Next, we can visualise the plot by using fviz_gap_stat() of factoextra package.

fviz_gap_stat(gap_stat)

With reference to the gap statistic graph above, the recommended number of cluster to retain is 1. However, it is not logical to retain only one cluster. By examine the gap statistic graph, the 6-cluster gives the next largest gap statistic and should be the next best cluster to pick.

7.7 Interpreting the dendrograms

In the dendrogram displayed above, each leaf corresponds to one observation. As we move up the tree, observations that are similar to each other are combined into branches, which are themselves fused at a higher height.

We use the height of the fusion, provided on the vertical axis, to tell the (dis)similarity between two observations. The higher the height of the fusion, the less similar the observations are. Such conclusions on proximity of two observations can only be drawn based on the height where the branches containing those two observations first are fused.

It’s also possible to draw the dendrogram with a border around the selected clusters by using rect.hclust() of R stats.
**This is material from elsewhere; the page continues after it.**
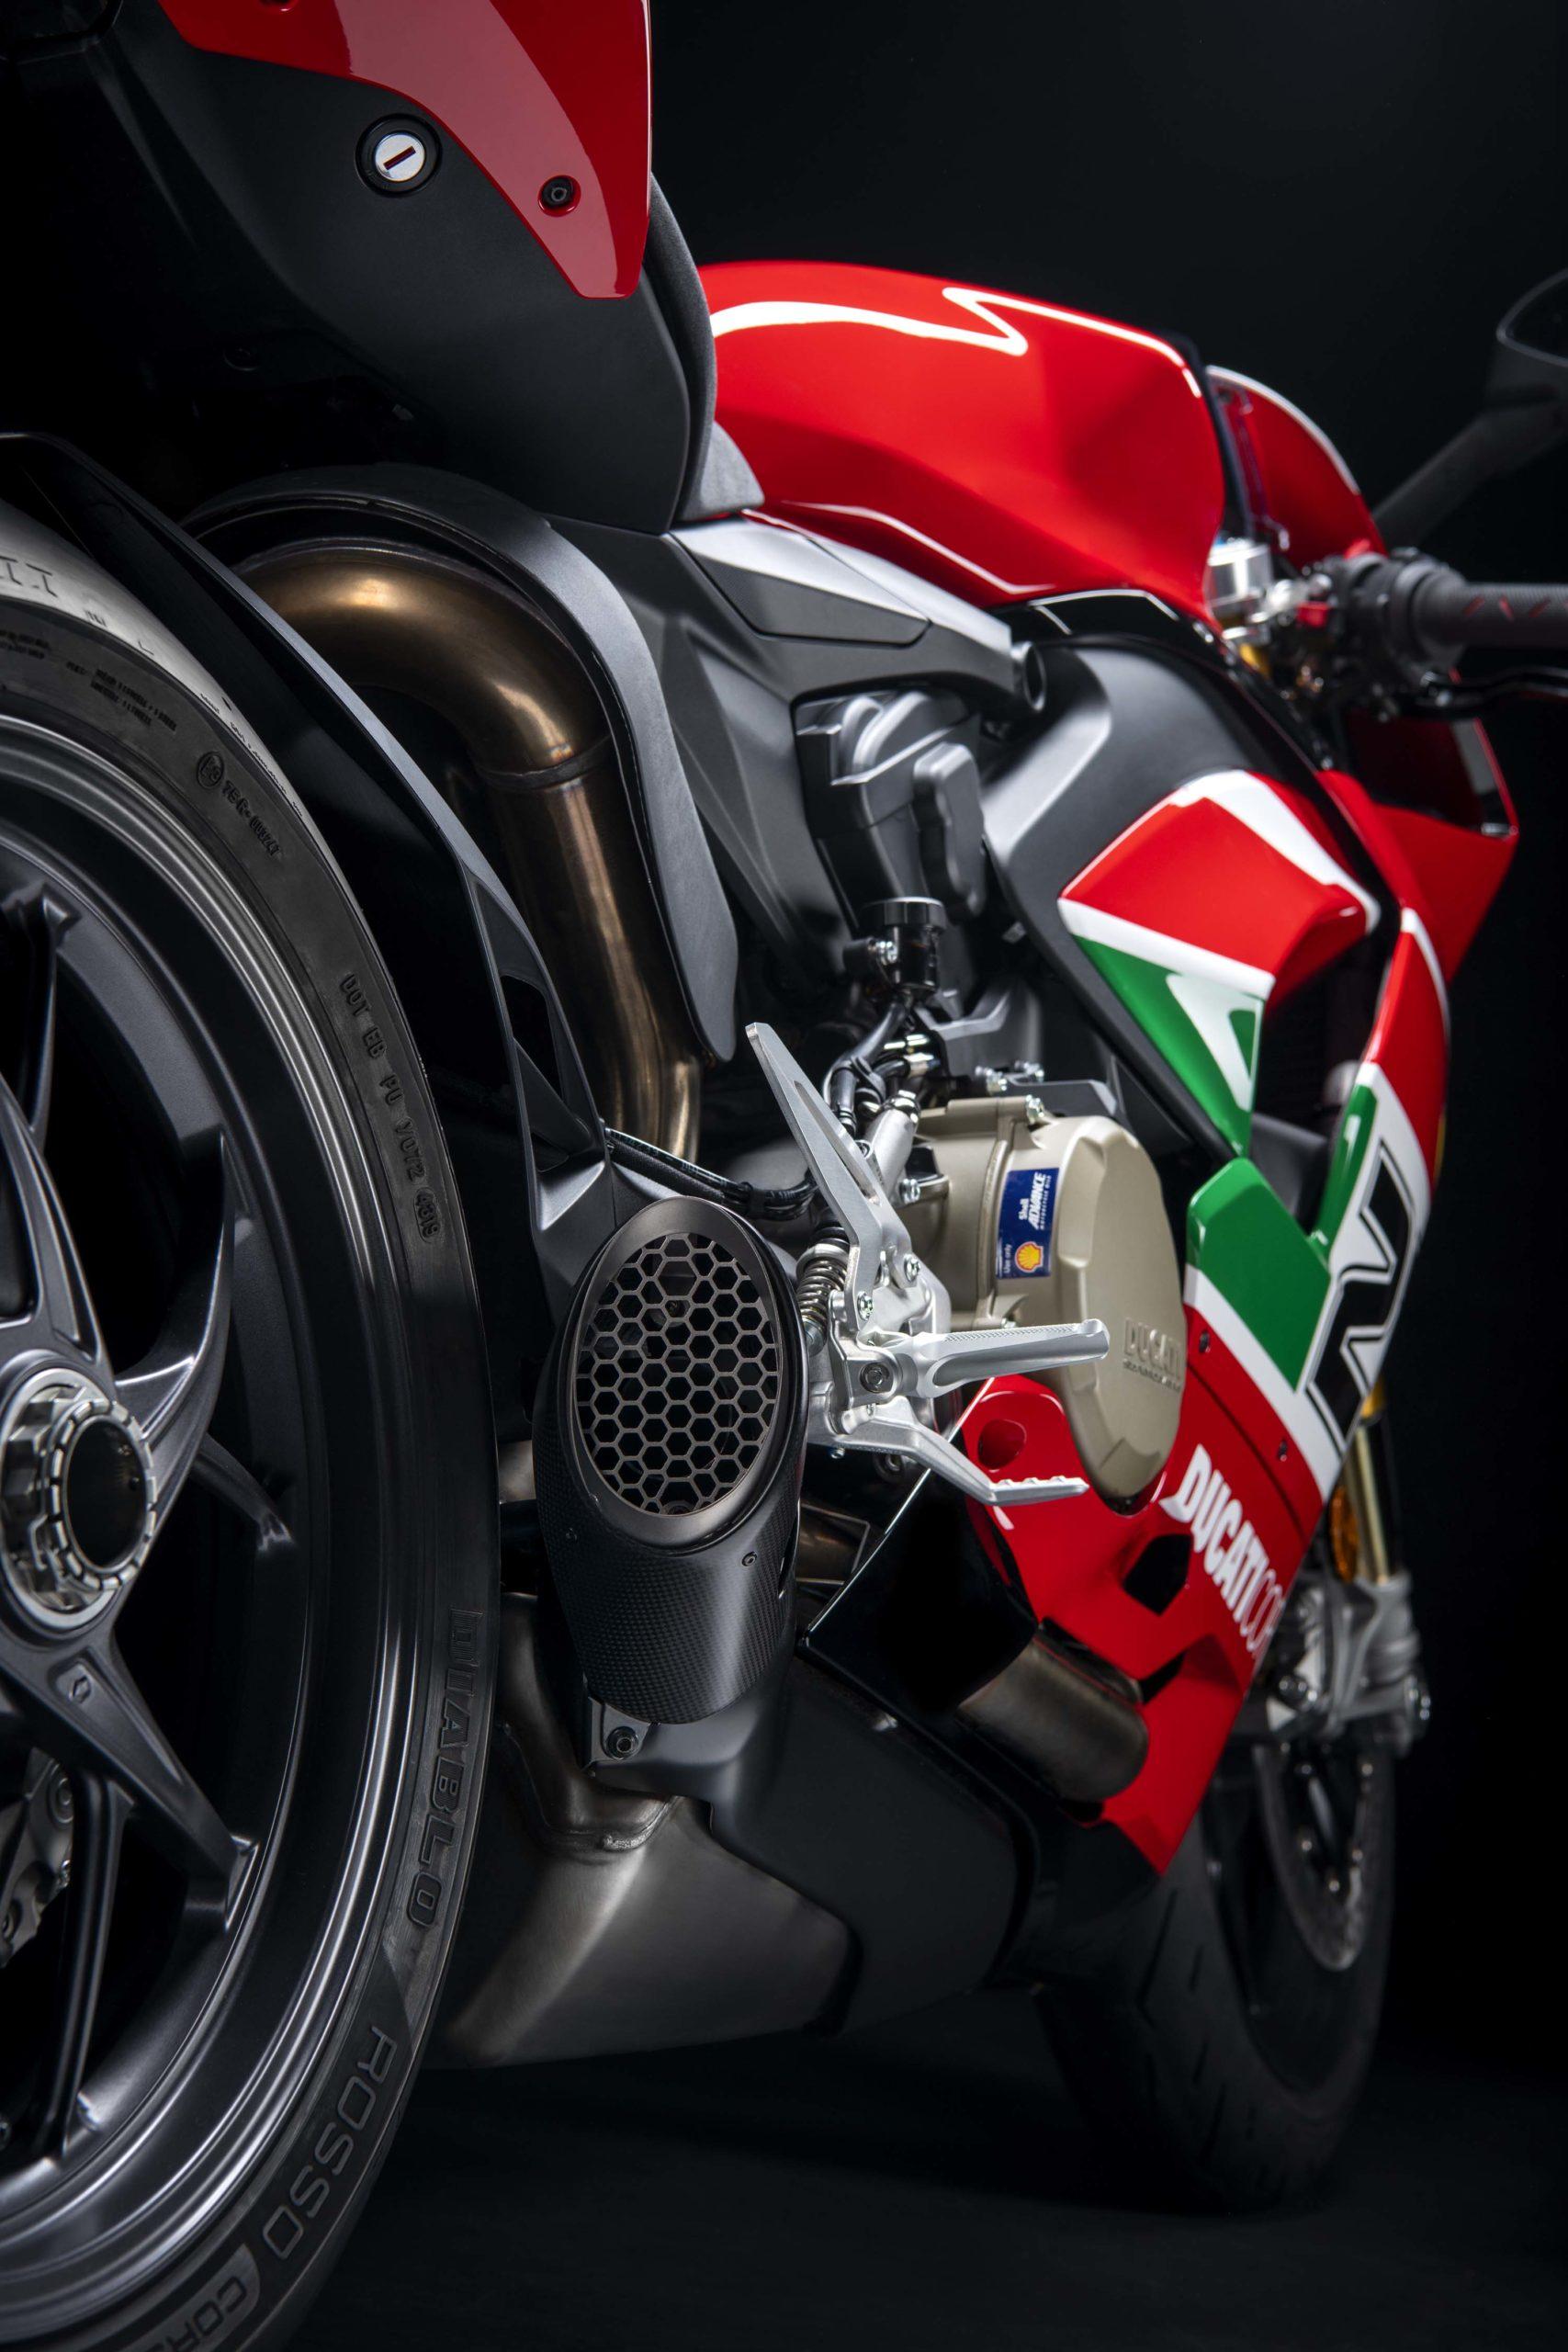 Ducati-Panigale-V4-Troy-Bayliss-67-scale

The argument border is used to specify the border colors for the rectangles.

plot(hclust_ward, cex = 0.6)
rect.hclust(hclust_ward, 
            k = 6, 
            border = 2:5)

7.8 Visually-driven hierarchical clustering analysis

In this section, we will perform visually-driven hiearchical clustering analysis by using heatmaply package.

With heatmaply, we are able to build both highly interactive cluster heatmap or static cluster heatmap.

7.8.1 Transforming the data frame into a matrix

The data has to be a data matrix to make a heatmap using the heatmaply package.

The code chunk below will be used to transform shan_ict data frame into a data matrix.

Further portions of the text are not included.